Phosphorylation of B56δ by PKA activates PP2A. (a) HEK293 cells were transfected with either wild-type or mutant Flag-B56δ (as indicated) and cells incubated without (vehicle, DMSO, filled bars) or with forskolin (10 μM, open bars) for 30 min. Cells were lysed and B56δ immunoprecipitated by using agarose-conjugated anti-FLAG antibody. Recombinant DARPP-32 phosphorylated at either Thr-34 (Left) or Thr-75 (Right) were used as substrates for the immunoprecipitated PP2A. The results are expressed as the percentage of total ³²P released from either substrate. Data represent means ± SEM (n = 3) ∗, P < 0.01 compared with untreated control, Student's t test. (b) HEK293 cells were transfected as in a in the absence of any cell treatment.
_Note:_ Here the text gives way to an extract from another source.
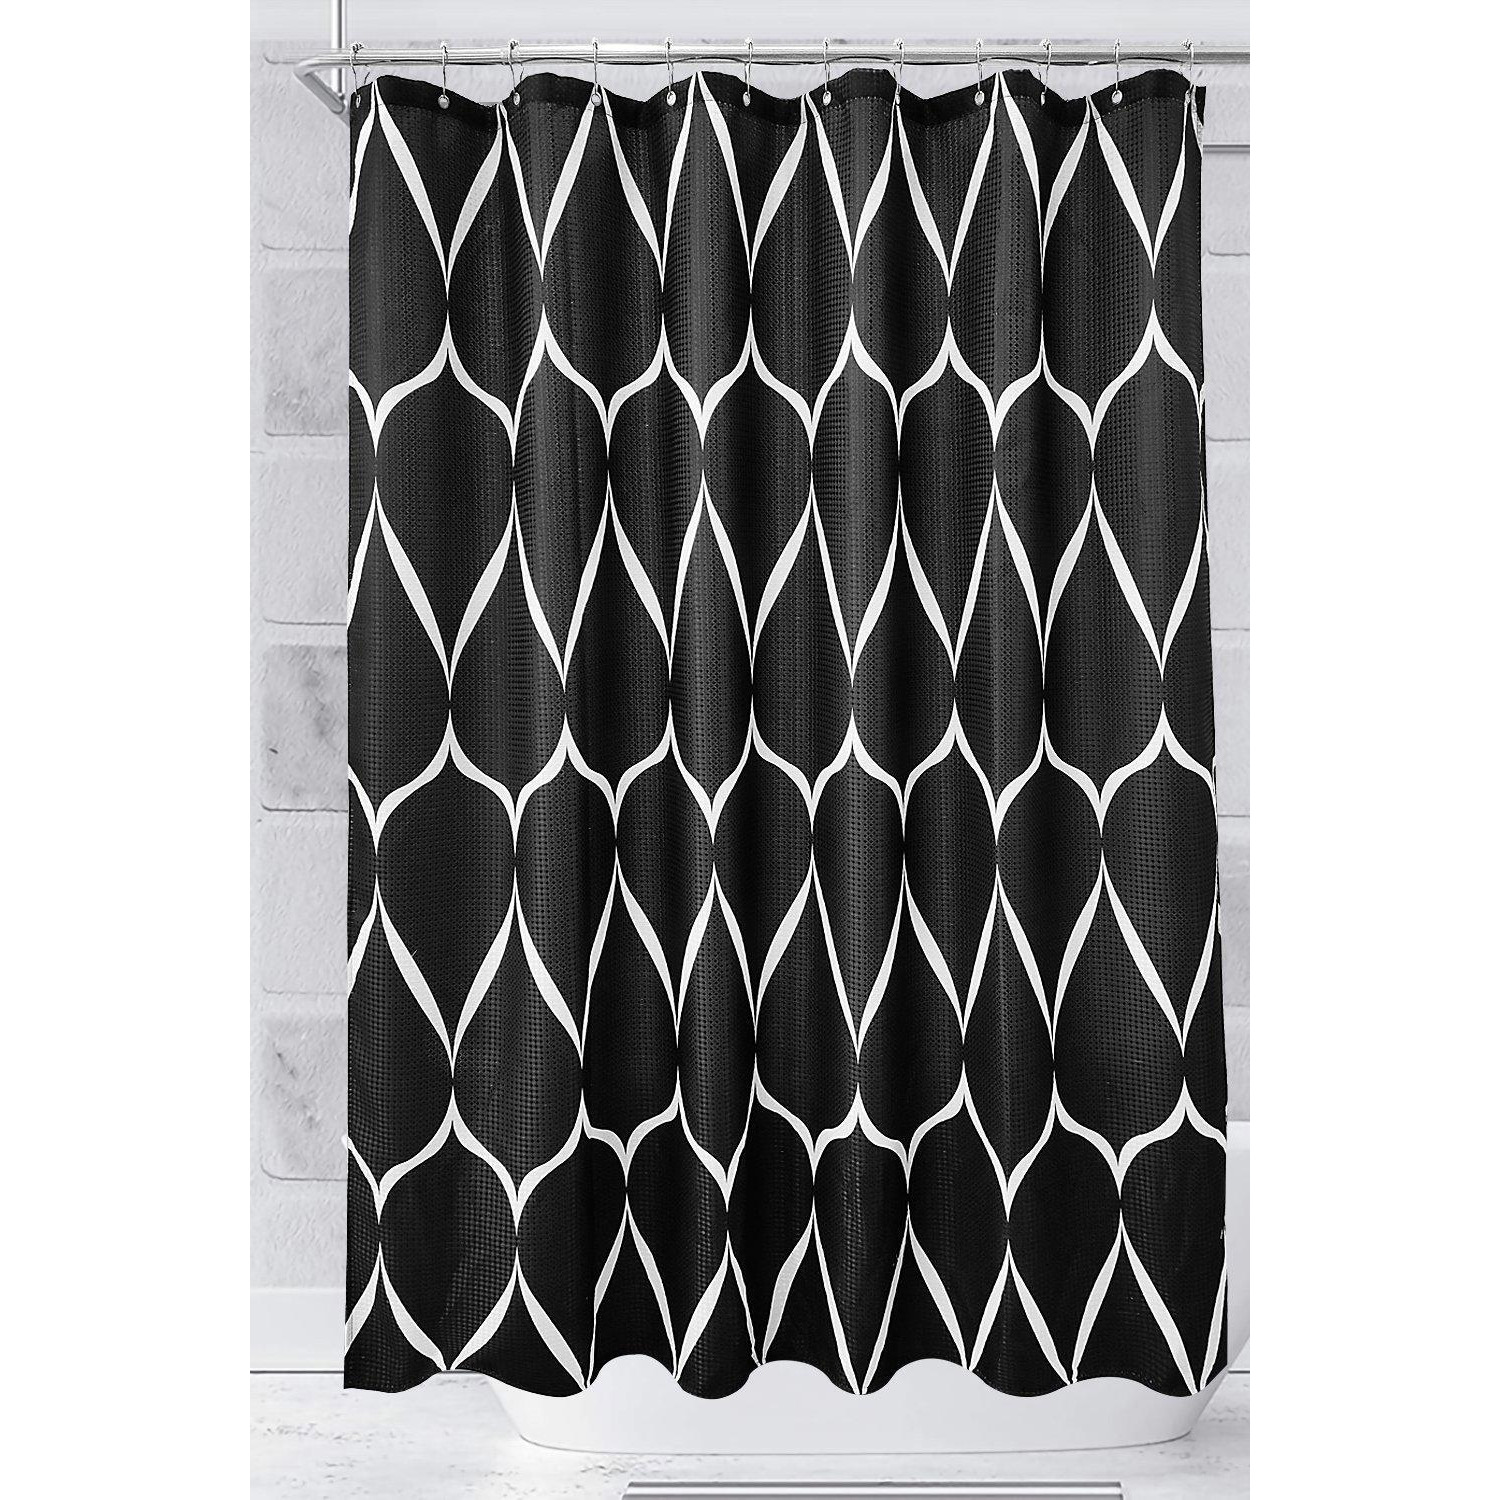 Lattice Design Shower Curtain, Black - 180cm x 180cm - image 1

The B56δ subunit was immunoprecipitated with anti-Flag antibody, and samples were incubated without (filled bars) or with (open bars) PKA in vitro. PP2A activity was measured as in a. Data represent means ± SEM (n = 3) ∗, P < 0.01 compared with unphosphorylated PP2A, Student's t test.

Fig. 5.

Phosphorylation of Ser-566 by PKA regulates PP2A activity. HEK293 cells were transfected with wild-type B56δ or mutant B56δ in which individual phosphorylation sites were mutated (as indicated). The B56δ subunit was then immunoprecipitated with anti-Flag antibody, and samples were incubated without or with PKA in vitro. PP2A activity was measured by using DARPP-32 phosphorylated at Thr-34 (a) or Thr-75 (b). Data are expressed as the relative activation of PP2A activity in the absence or presence of phosphorylation by PKA. Data represent means ± SEM (n = 3).

Fig. 6.

B56δ is phosphorylated at Ser-566 by PKA in striatal slices in response to activation of D1 dopamine receptors. Mouse striatal slices were incubated with SKF38393 (10 μM) for various times (as indicated), and phosphorylation of Ser-566 in B56δ was measured by immunoblotting (see Inset for representative experiment). Ser-566 phosphorylation was normalized to total B56δ levels, and then values were normalized to that obtained at zero time in each experiment. Results shown represent the average from three experiments.

Fig. 7.

Expression of a nonphosphorylatable form of B56δ in mouse striatum attenuates the cAMP-dependent dephosphorylation of Thr-75 of DARPP-32. (a) By using AAV-mediated infection, wild-type or mutant Flag-B56δ (B56δS53/68/81/566A) was expressed in mouse striatum after stereotaxic injection. The control used empty AAV. After 14 days, striatal slices were prepared and incubated without or with SKF81297 (10 μM for 5 min), and the phosphorylation and total levels of DARPP-32 were analyzed by immunoblotting as described above. (b) The phosphorylation levels of Thr-34 (Left) and Thr-75 (Right) were normalized to values obtained for untreated slices. Data represent means ± SEM (n = 3); ∗, P < 0.01 compared with untreated samples from control striatal slices, Student's t test. ∗∗, P < 0.01 comparing B56δ and B56δS53/68/81/566A in the presence of SKF81297.